Open amalik01 opened 9 months ago
for some reason the S GROUP is detected twice, we'll need to look at it so it is probably the reason why molecular formula has the 2 in front and the weights also differ from ACD calculations. I expect ACD show smaller values?
we'll need to check on that
InChI and InChI key values are the ones provided by rdkit by directly calling the InChI software so that's much tricker.

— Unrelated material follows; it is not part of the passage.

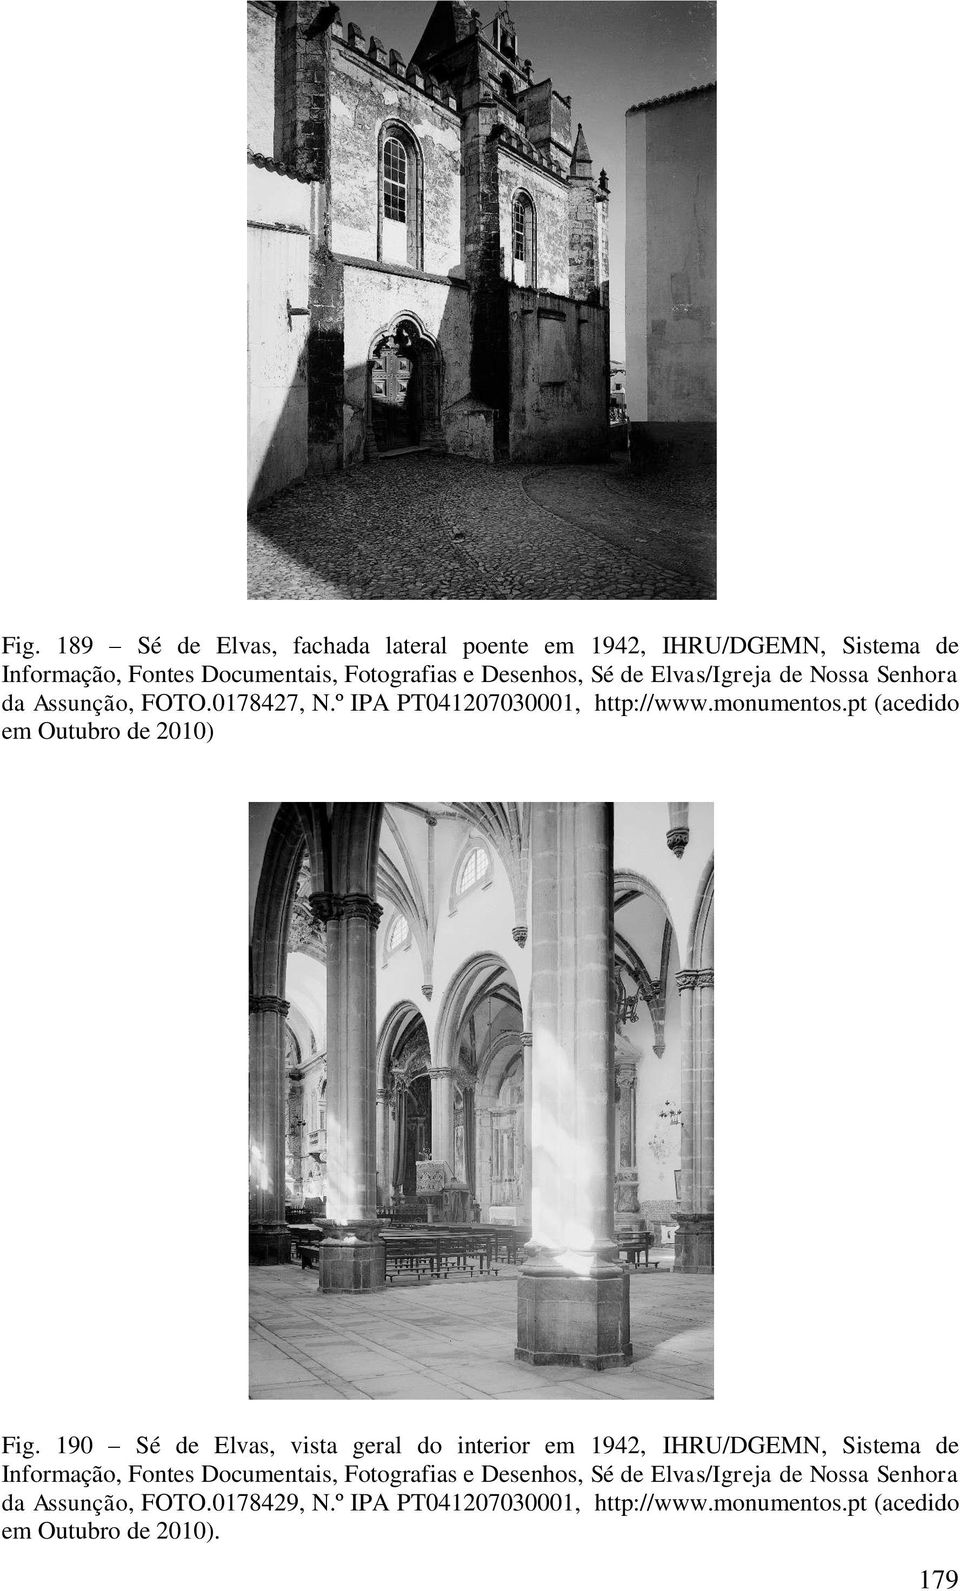 190 Sé de Elvas, vista geral do interior em 1942, IHRU/DGEMN, Sistema de Informação, Fontes Documentais, Fotografias e Desenhos, Sé de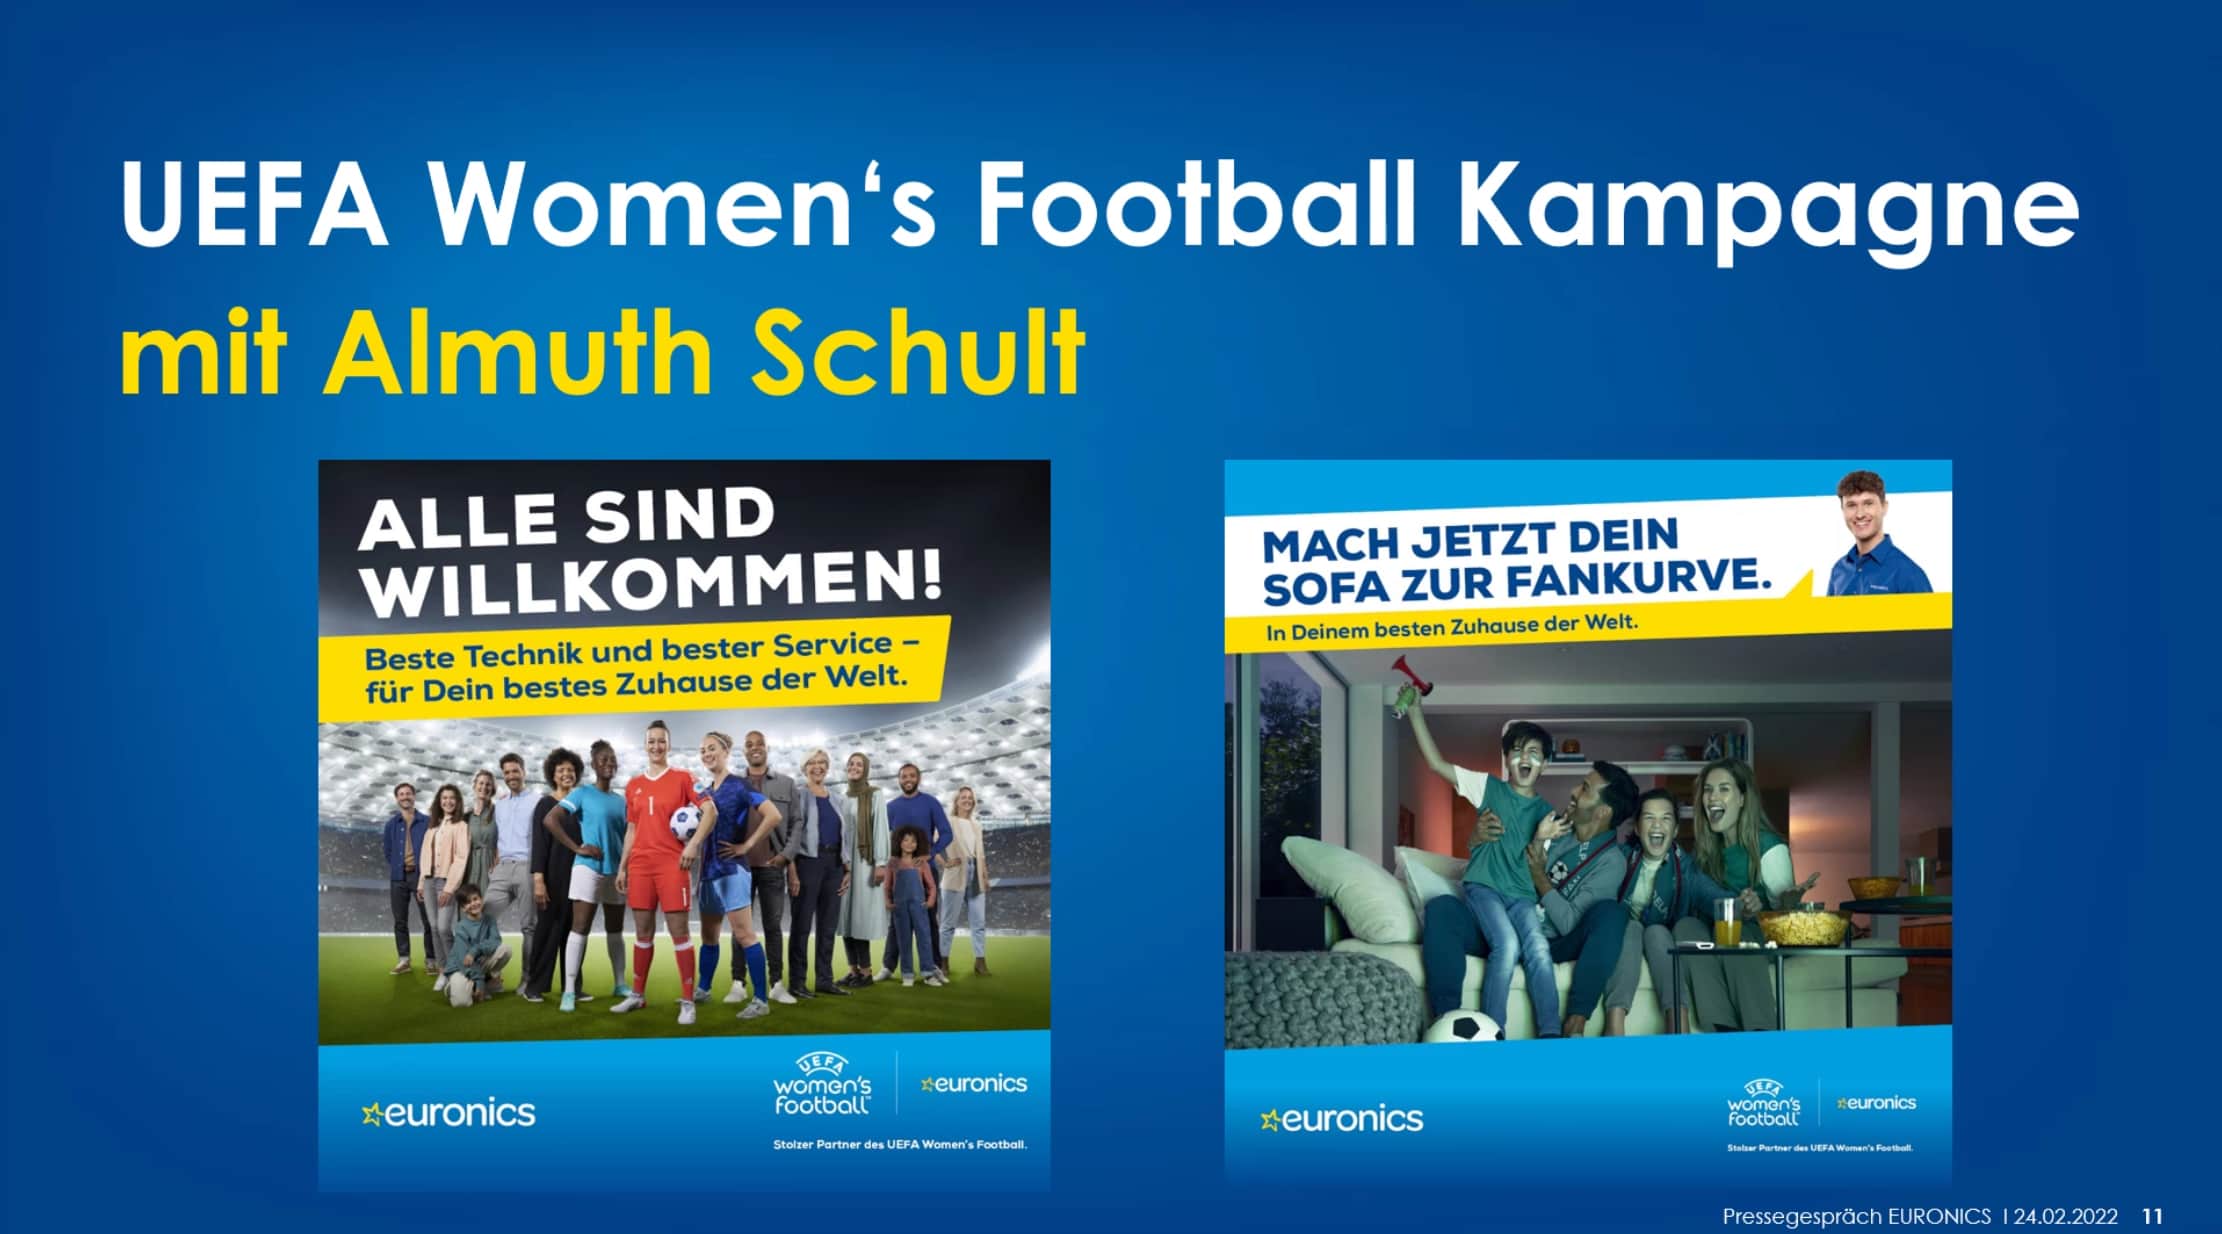 Die Euronics Group kooperiert mit der UEFA und fördert den Frauenfußball.

The formula and mass generated by ACD is:
The InChI and InChIKey is :
InChI=1S/C87H150N2O72P2.C20H34/c1-20(2)5-6-136-162(130,131)161-163(132,133)160-76-37(89-22(4)102)48(113)65(31(15-98)145-76)150-75-36(88-21(3)101)47(112)66(30(14-97)144-75)151-85-64(129)72(157-86-74(53(118)42(107)26(10-93)142-86)159-87-73(52(117)41(106)27(11-94)143-87)158-84-63(128)70(44(109)29(13-96)141-84)156-83-62(127)69(43(108)28(12-95)140-83)154-81-58(123)51(116)40(105)25(9-92)139-81)46(111)35(149-85)19-135-78-61(126)71(155-82-60(125)55(120)68(33(17-100)147-82)153-80-57(122)50(115)39(104)24(8-91)138-80)45(110)34(148-78)18-134-77-59(124)54(119)67(32(16-99)146-77)152-79-56(121)49(114)38(103)23(7-90)137-79;1-7-18(4)12-9-14-20(6)16-10-15-19(5)13-8-11-17(2)3/h20,23-87,90-100,103-129H,5-19H2,1-4H3,(H,88,101)(H,89,102)(H,130,131)(H,132,133);7,11,14-15H,8-10,12-13,16H2,1-6H3/b;18-7+,19-15+,20-14+/t23-,24-,25-,26-,27-,28-,29-,30-,31-,32-,33-,34-,35-,36-,37-,38-,39-,40-,41-,42-,43-,44-,45-,46-,47-,48-,49+,50+,51+,52+,53+,54-,55-,56+,57+,58-,59+,60+,61+,62-,63+,64+,65-,66-,67-,68-,69+,70+,71+,72+,73+,74+,75+,76-,77+,78+,79-,80-,81-,82-,83-,84-,85+,86-,87-;/m1./s1
DSXMJBFOHIPMOF-DSJWLFSWSA-N
do you know which version of inchi is ACD using?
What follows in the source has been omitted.